Mobile Development
Augmented Reality

Building an AI-Based Texas Holdem Poker AR App

hands shuffling cards

X min read

12.6.2024

article content

At nomtek, we’re continuously looking for exciting ways to combine different technologies to build interesting products. This time, we used AI, AR, and mobile to create an experimental Texas Holdem Poker AR app that assists players.

NOTE: The project is for experimental and educational purposes only. We don’t support gambling, as it carries a host of negative consequences for individuals and society.

Step #1: Main assumption

The main assumption was that the player will first set up the game state by using the mobile app:

  1. setting up how many players are playing
  2. who’s the dealer at the start

The app will be connected with AR glasses — they will be our system’s “eyes.” The app will then prompt AI asking for advice and a chance of winning.

The AR glasses in question are Lenovo ThinkReality A3 with a Motorola Edge+ supported by Snapdragon Spaces Dev Kit. We’ve been working with Snapdragon Spaces for over a year as participants in the Snapdragon Pathfinder program and contest (with our augmented reality StickiesXR app for Figma). Snapdragon Spaces features Dual Rendering Fusion for Unity SDK that adds additional functionality to mobile applications, letting them view 3D content on AR glasses.

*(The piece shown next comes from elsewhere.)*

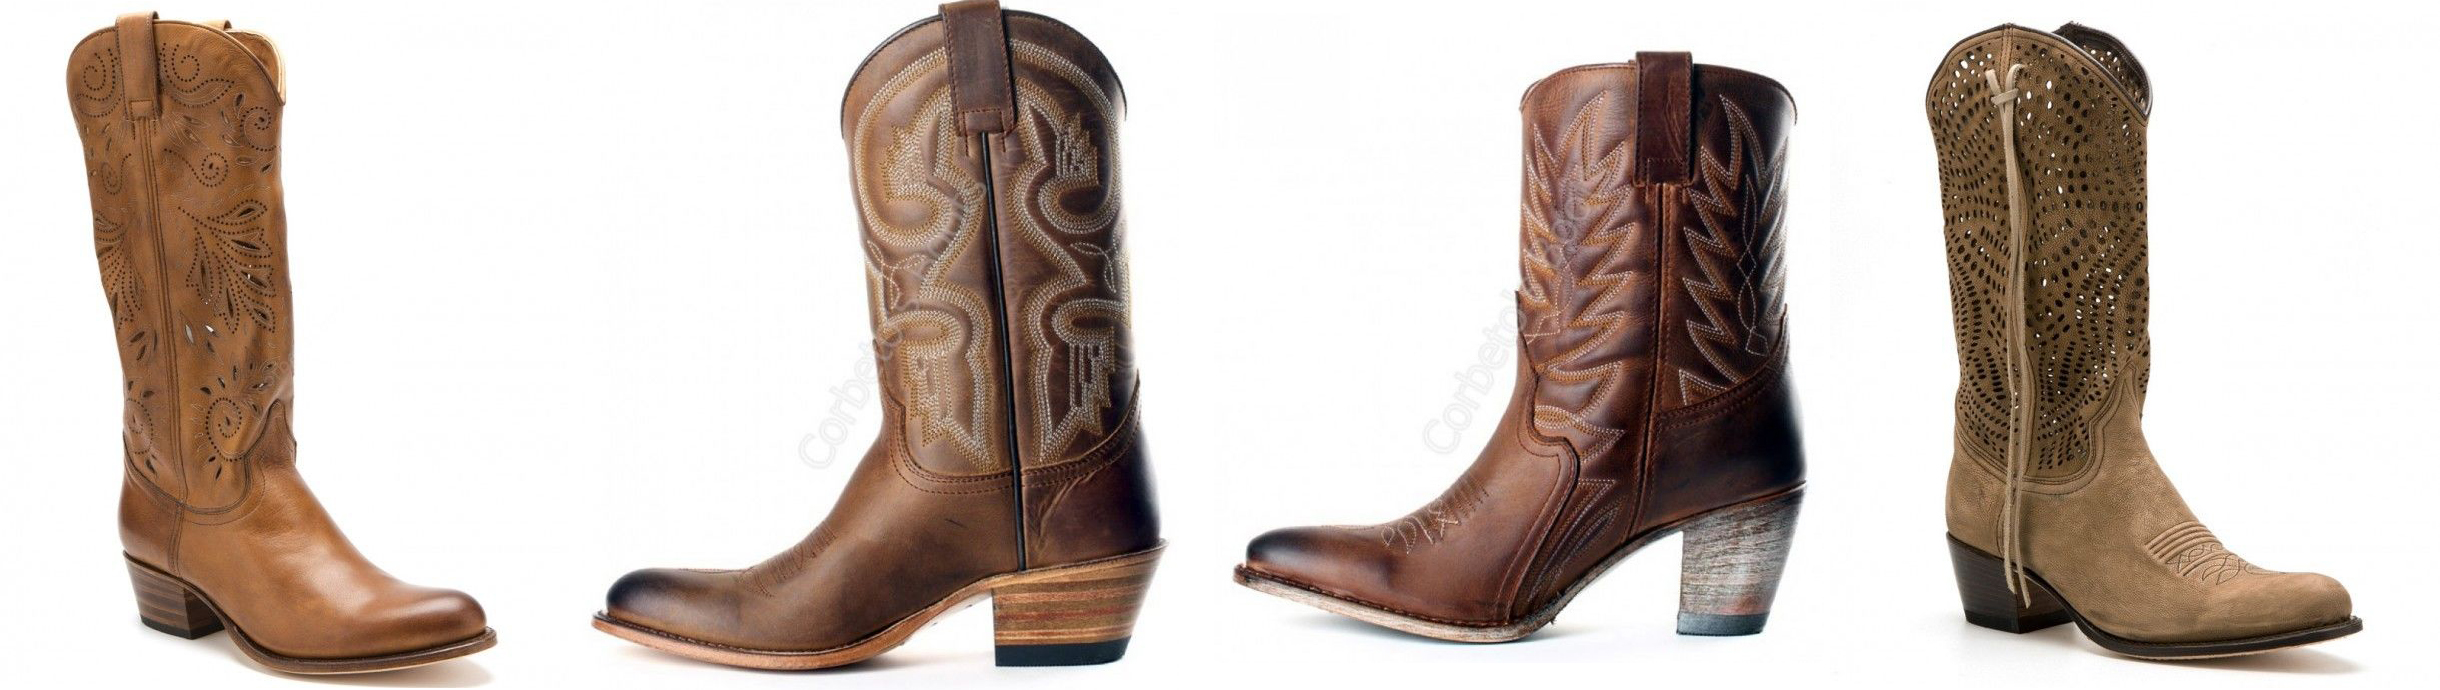 Botas cowboy, tu estilo también en verano - Corbeto's Boots Blog

Step #2: First iteration with only ChatGPT and why it didn’t quite work

At first we wanted to tackle the problem as easiest as we could. After creating the initial app and connecting it with the glasses, the app started to send prompts with the image of the current game state asking about the winning chance.

The first obstacle was of course the limitations of the openAI software, that avoids answering questions that might be harmful in any way, but with a little bit of prompt tuning it started to give us the answers we needed.

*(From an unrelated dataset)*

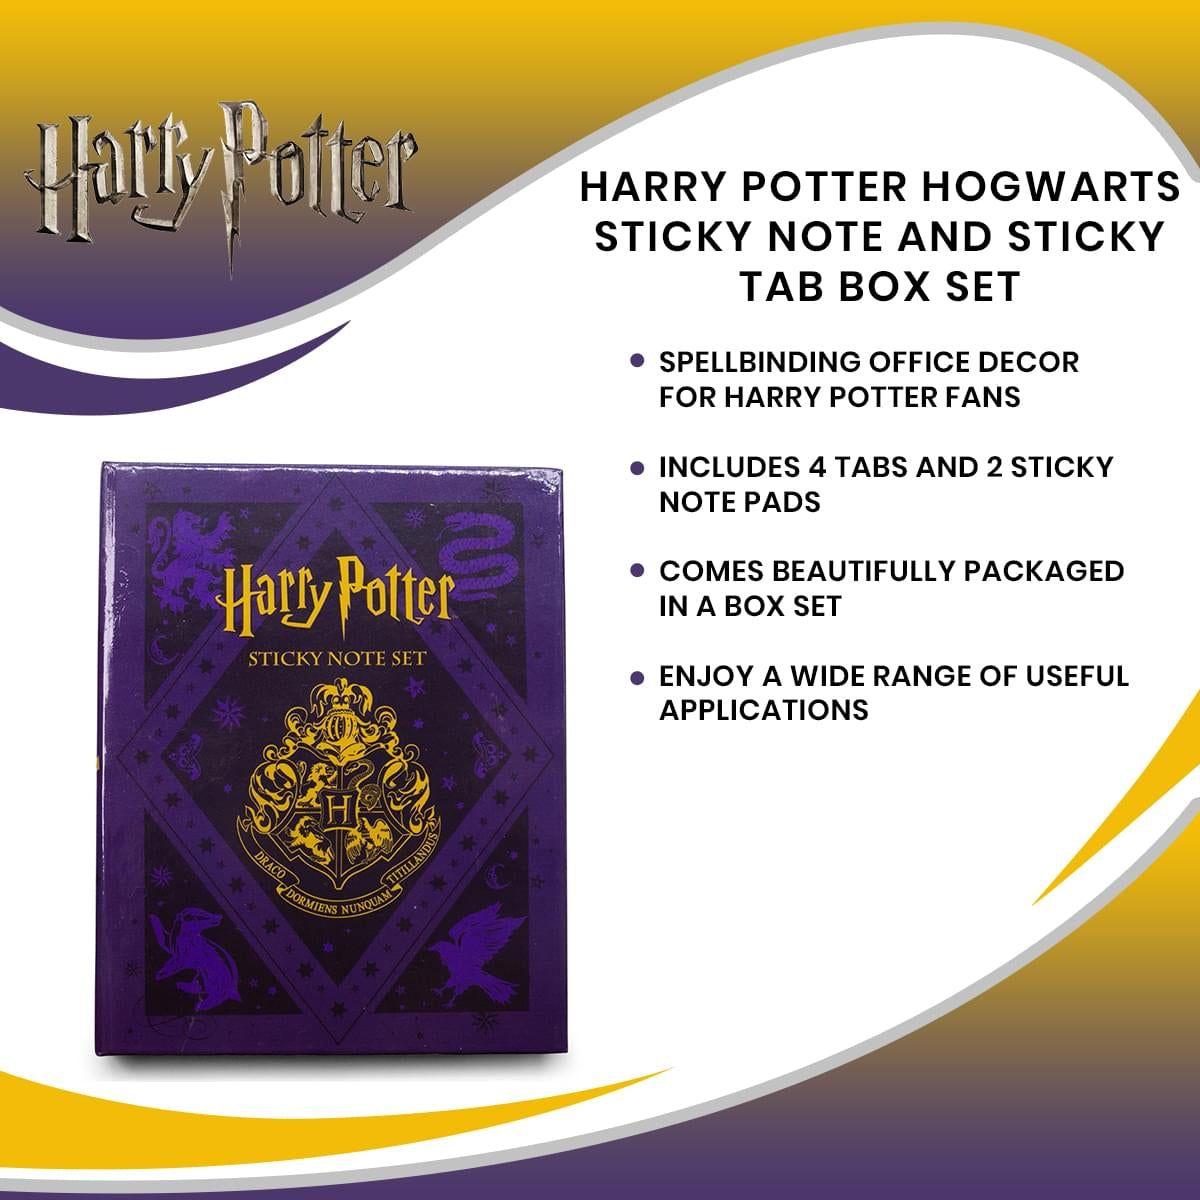 Harry Potter Hogwarts Sticky Note and Sticky Tab Box Set

It’s worth noting that “for educational purpose” and “rounding up to the nearest ~10%” are important as the first one omits the Chat’s filter for gambling, and the second one helps when ChatGPT answers that it can’t calculate the exact chances.

What was wrong then? It seems like openAI’s software had a few problems recognizing the cards on the table based on an image. Our first thought was, Hey, there are pretty nice options to classify images without the help of the GenAI, so this might be a good opportunity to preprocess the data instead of asking for everything in one go, right?

We can also use a smaller embedded neural network model to do this job for us on the device itself. The answer here was YOLO (real-time object detection).

Step #3: Second iteration with embedded NN + ChatGPT

So we needed a YOLO model that would work on mobile devices. The YOLO itself isn’t trained to classify cards, so we also had to tune it up with additional training data. Surprisingly the good datasets were pretty easy to find, so we didn’t need to gather or generate the data by ourselves.

We used the dataset found on roboflow.

It consists of:

  • 21210 training images
  • 2020 validation images
  • 1010 test images

The dataset also had some preprocessing and augmentations applied that might benefit the training itself and it was already assembled in a way that YoloV8 could be used out of the box.

Image from playing cards dataset. Source: roboflow

The next step was choosing the platform we wanted to train this on. The first bet was Kaggle as it is pretty easy to use, has 30 hours of free usage per week, and everything else we needed. We quickly developed a notebook that was ready to take the task of training the YoloV8n model.

Step #4: Training YoloV8 and exporting it to one of the mobile-friendly models

First we had to enable GPU (used T4 GPU available on Kaggle for free), as it greatly reduced the train time for each epoch.

Next step was installing the ultralytics along with the wandb packages.

Ultralytics YOLOv8 is a cutting-edge, state-of-the-art (SOTA) model that builds upon the success of previous YOLO versions and introduces new features and improvements to further boost performance and flexibility.

Weight & Biases dashboard.

Wandb (Weight & Biases) is a MLOps platform that provides a lot of useful information for any AI dev.

Then we download the dataset directly to Kaggle, you can always do it manually by uploading the data but this is way easier.

This part of code can be generated on the Roboflow page after we choose to use one of its datasets.

After successfully downloading the dataset it should be available in the Playing-Cards-4 folder.

The last step is to run training with the plugged in W&B platform. This might take a while (like a few hours even, depends on how many epochs are set):

There is only one line of code to integrate the W&B. Besides information about training it also hosts each of our weights for every epoch on the platform, and the first 100GB of storage is available for free.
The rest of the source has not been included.